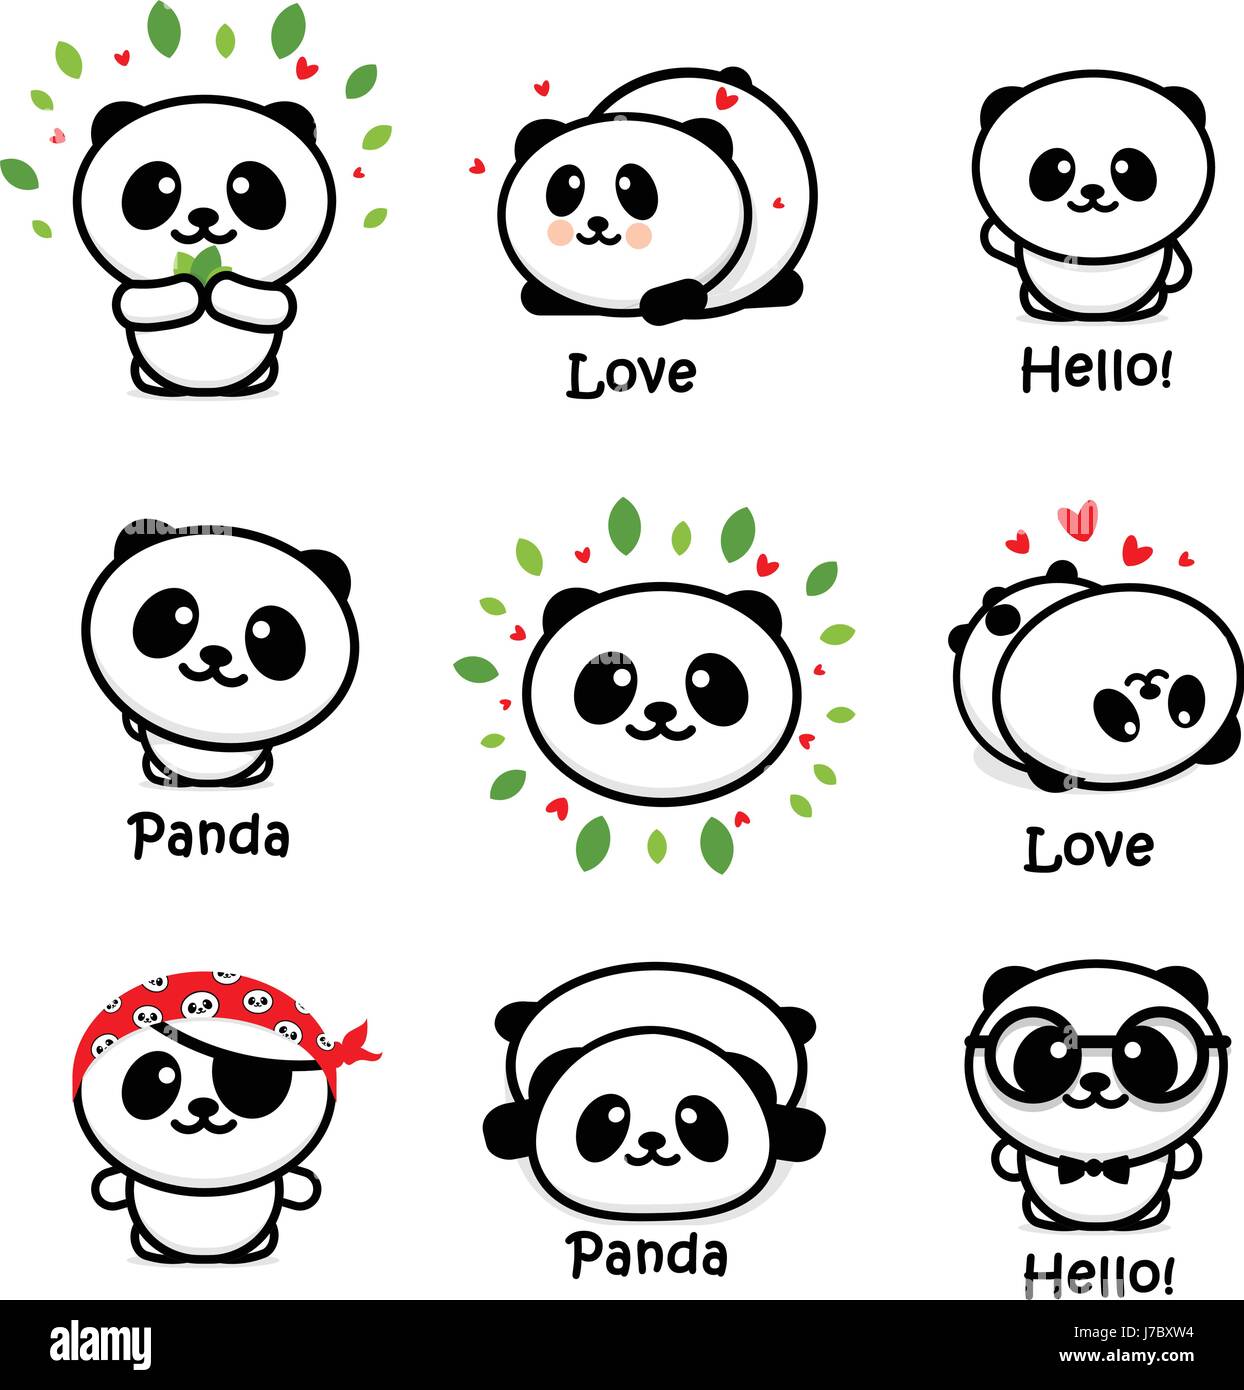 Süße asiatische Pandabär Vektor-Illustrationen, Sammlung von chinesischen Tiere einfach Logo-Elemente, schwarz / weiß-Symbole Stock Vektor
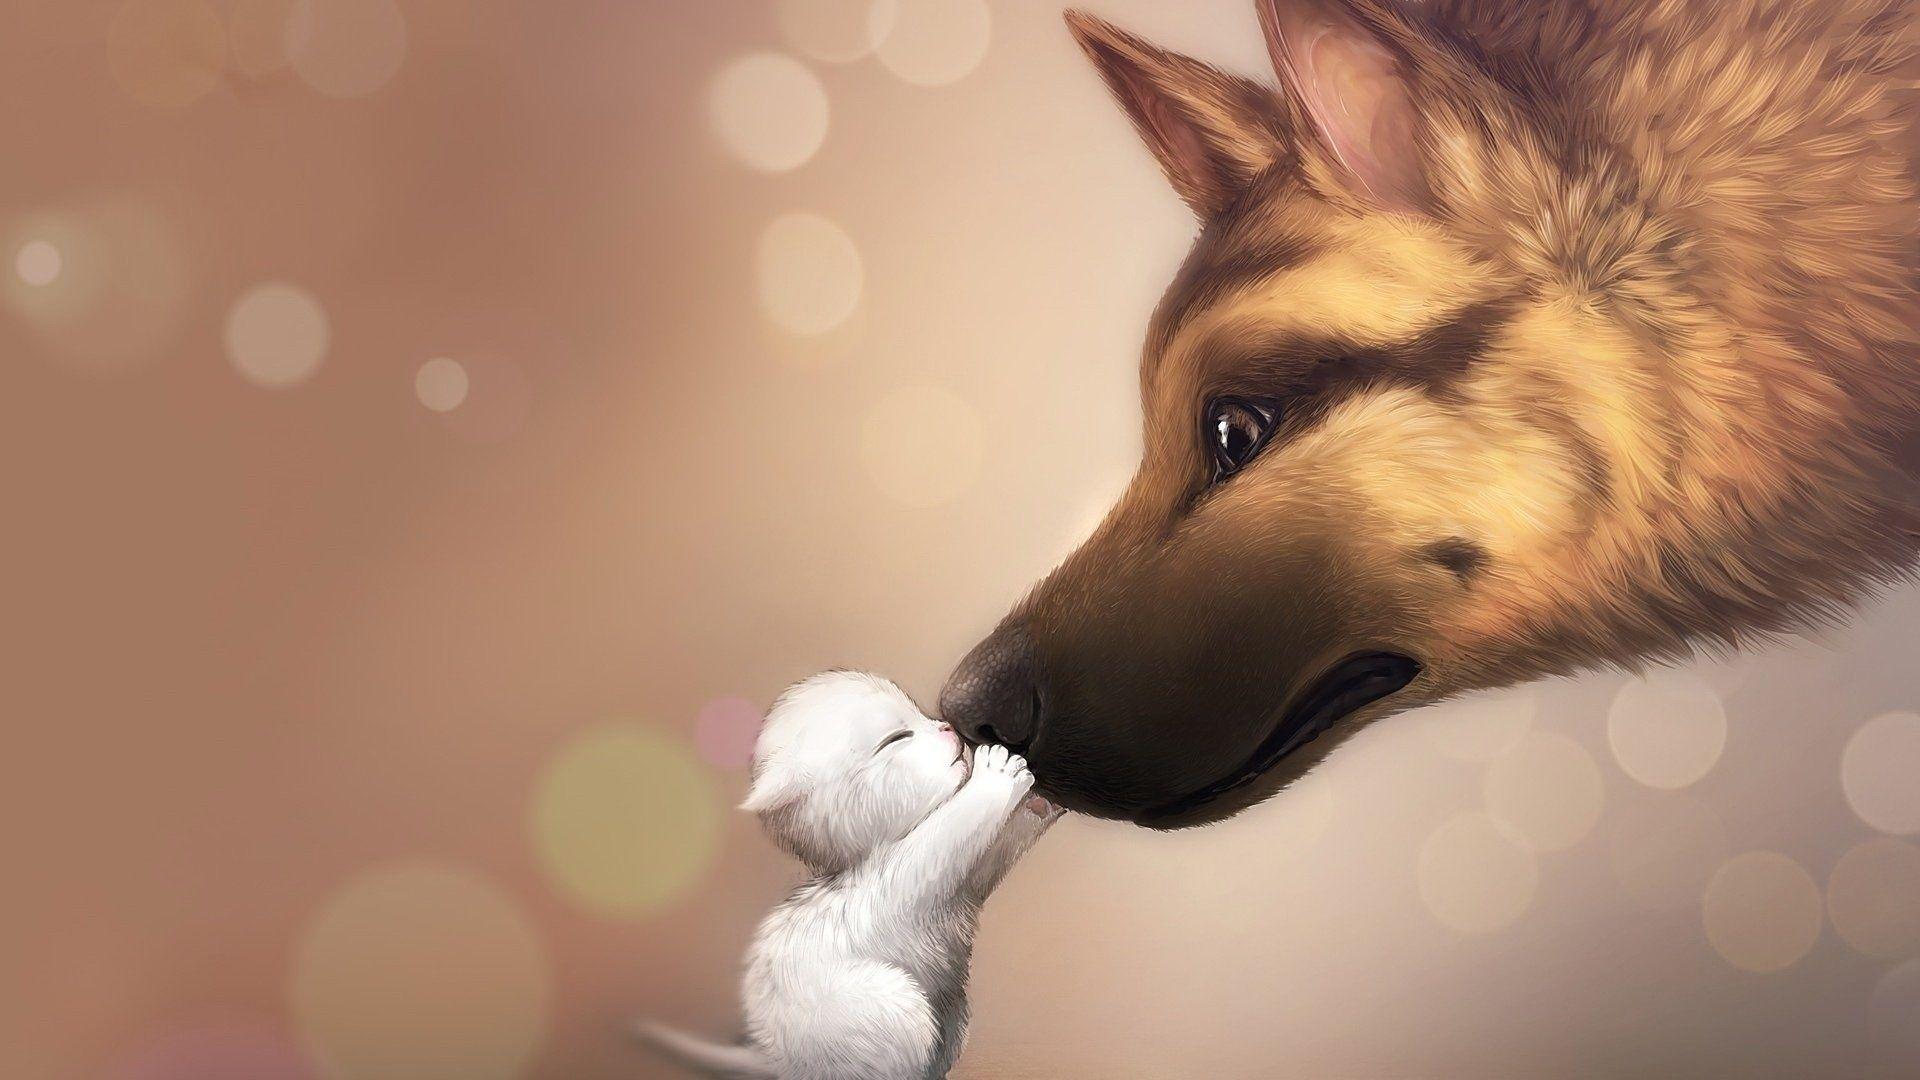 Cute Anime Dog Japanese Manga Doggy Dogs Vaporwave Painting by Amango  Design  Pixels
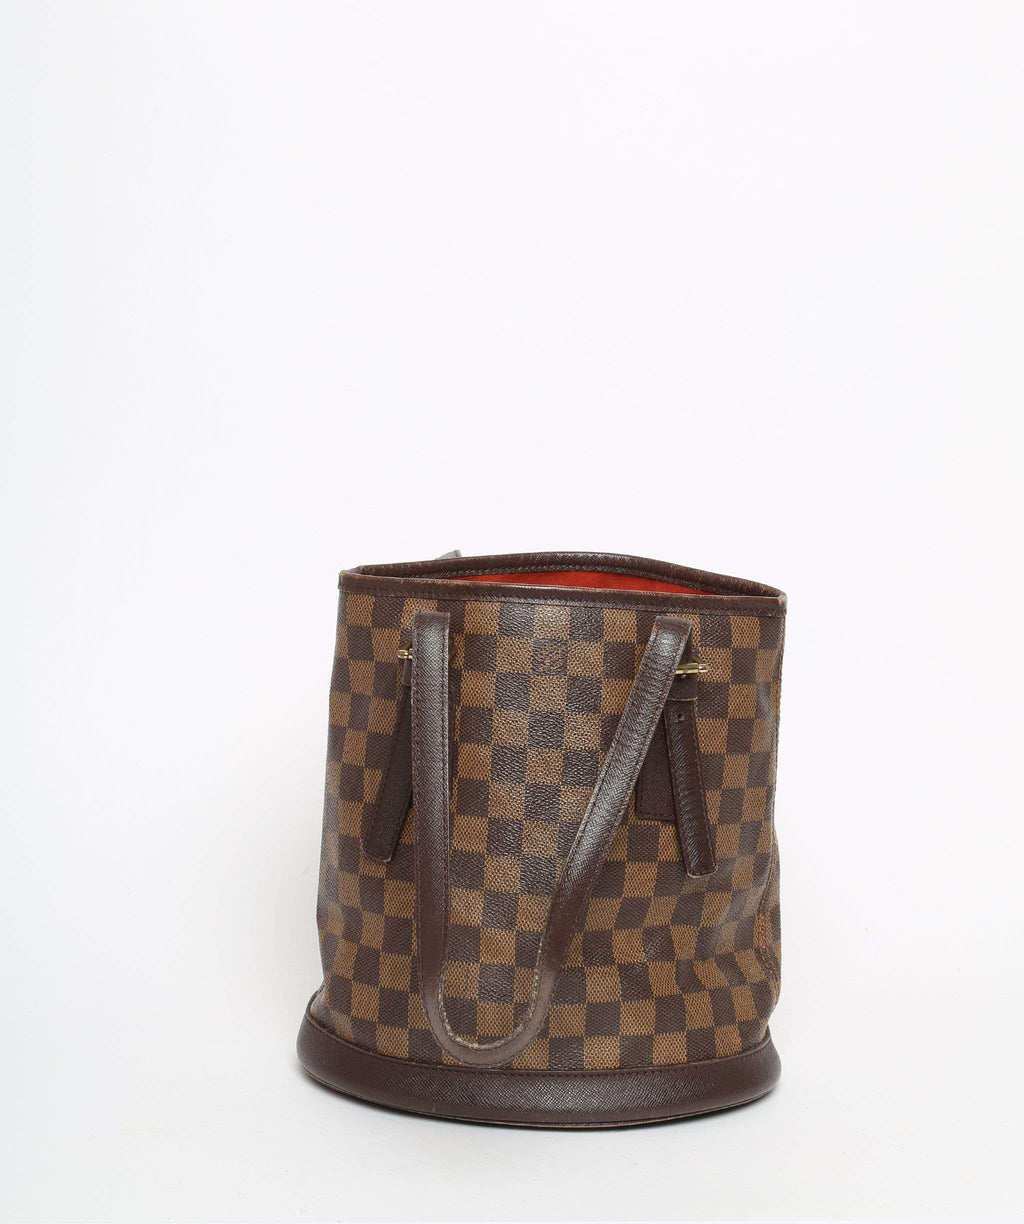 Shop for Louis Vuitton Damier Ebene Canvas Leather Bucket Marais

:: What is being asked ::
I need the lines from the line containing "Cute Anime Dog" through the final line of the listing duplicated exactly, both ends included, with no pictures and nothing else.

:: The answer ::
 Cute Anime Dog Japanese Manga Doggy Dogs Vaporwave Painting by Amango  Design  Pixels
 Shop for Louis Vuitton Damier Ebene Canvas Leather Bucket Marais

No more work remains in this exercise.